Since it's a central element of the legislative proposal, the Green Party asks the minister "whether the proposal is impractical in its entirety because of it." The Liberal Democrats want the minister to go back to the Dutch Council of State for advice about the specified consent.
Many parliamentary groups wonder whether the right path has been chosen with the LSP. The Green Party wants to know from the minister whether a national health record "is proportional for the necessary exchange of information," pointing to the finding of the Dutch Data Protection Authority that "many healthcare providers fall short in terms of information management and security."
The Liberal Democrats question the minister about the extent of the problem that the LSP should solve. During the expert meeting general practitioners pushed for an alternative system that instantly complies with present laws regarding the medical confidentiality and the protection of privacy. Both the Green Party as well as the Liberal Democrats want to know whether this alternative would already suffice.
The Labour Party and the Socialist Party are in favor of an alternative whereby the patient is in control of his own medical data. For this, citizens would have to get a personal medical record, in case they wish to have one.
The Senate voted down the LSP in 2011 because, among other things, the protection of privacy was not up to standard. Back then, Minister Schippers was responsible for a private relaunch of the national electronic health record.
Large majority in the House of Representatives
Considering the serious doubts of the Senate, it's striking that the House of Representatives accepted this legislative proposal by a large majority on July 1, 2014. Giving consent for the consultation of medical records was also discussed in the House of Representatives. On a proposal of the Christian Democrats, the new definition for specified consent has been included in the legislative proposal.
Prohibitions for healthcare insurers
Healthcare insurers are not allowed to participate in the electronic exchange system or to have access to the exchanged medical data.

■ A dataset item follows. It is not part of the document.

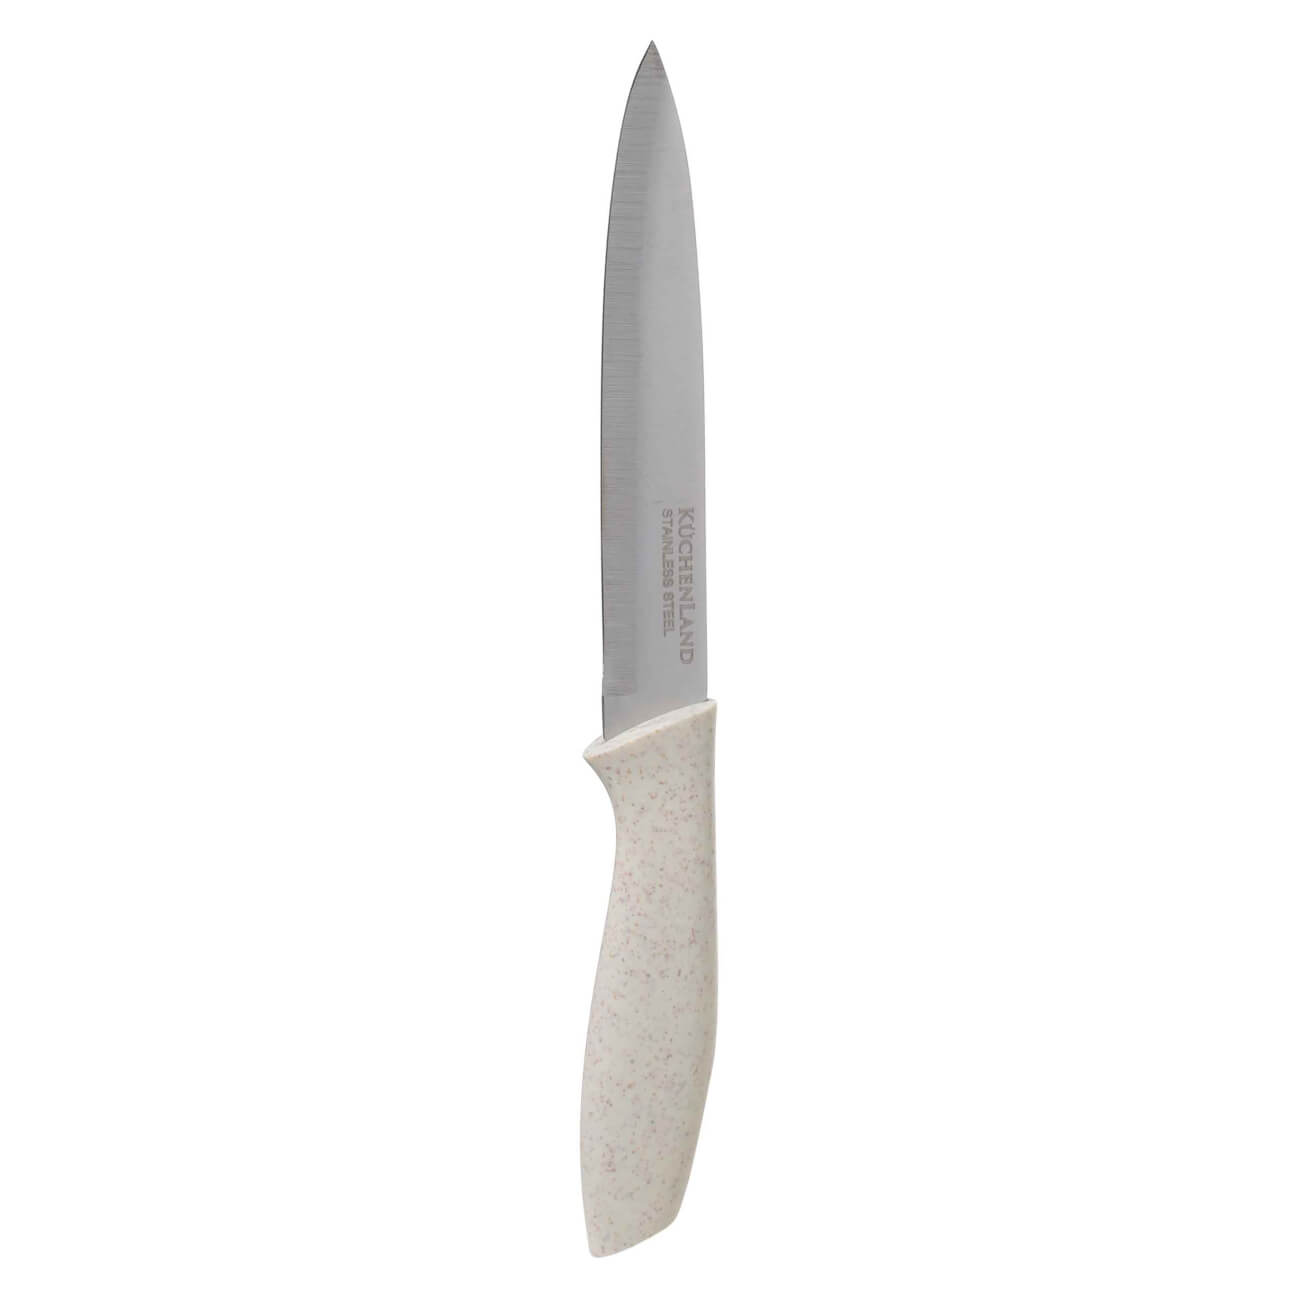 Нож для нарезки, 13 см, сталь/пластик, молочный, Speck-light набор для выпечки 3 пр скалка венчик щипцы силикон сталь молочный bakery
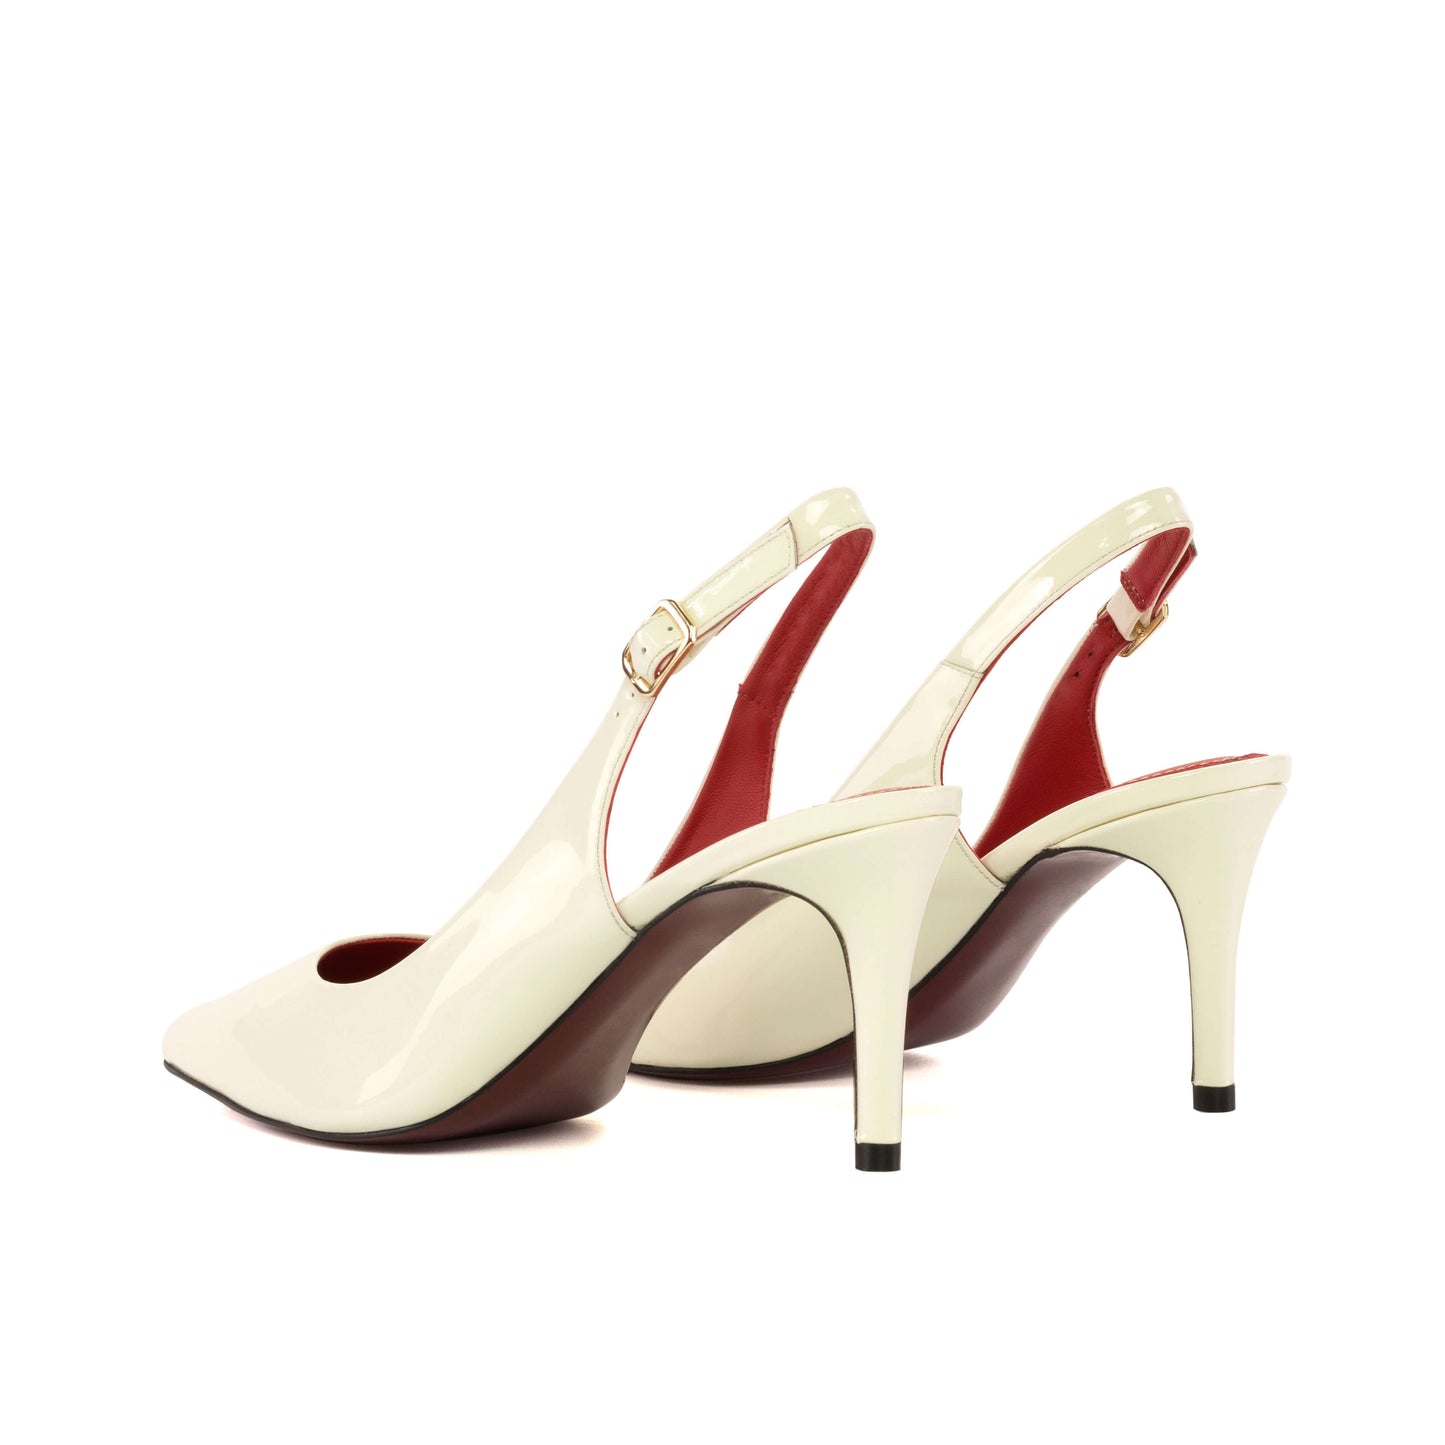 Bologna White Stiletto Heels

This is enforced by the Dutch Healthcare Authority. If operators of exchange systems suspect that a healthcare insurer has granted itself access to an EPD, they are obliged to notify the Healthcare Authority about it.
Healthcare insurers can incur large fines if they "grant themselves access" to an electronic exchange system. The maximum penalty per violation is 500,000 euros, or 10 percent of the turnover of the health insurer (whichever amount is greater). Perpetrators can be subject to criminal proceedings. Insurees that have become victims have the right to immediately cancel their insurance. The Liberal Democrats in the Senate wonder how this relates to another legislative proposal by Minister Schippers, which offers health insurers easier access to medical records to check invoices.
On a proposal of the Socialist Party, healthcare providers are prohibited from using financial incentives to persuade people to take part in an EPD. At the moment, such financial incentives are a part of the relaunch of the failed LSP in order to get more patients into the system. The Liberal and Labour Parties and the Christian Democrats in the Senate want to know from the minister whether healthcare insurers actually coerce people to join the LSP, and how she's going to stop this.
Together with the civil rights movement Vrijbit, privacy watchdog Privacy Barometer wrote a letter to the House of Representatives concerning the development of the legislative proposal and the introduction of a national health record. The Socialist Party has submitted this letter in its entirety to the House of Representatives as a parliamentary question.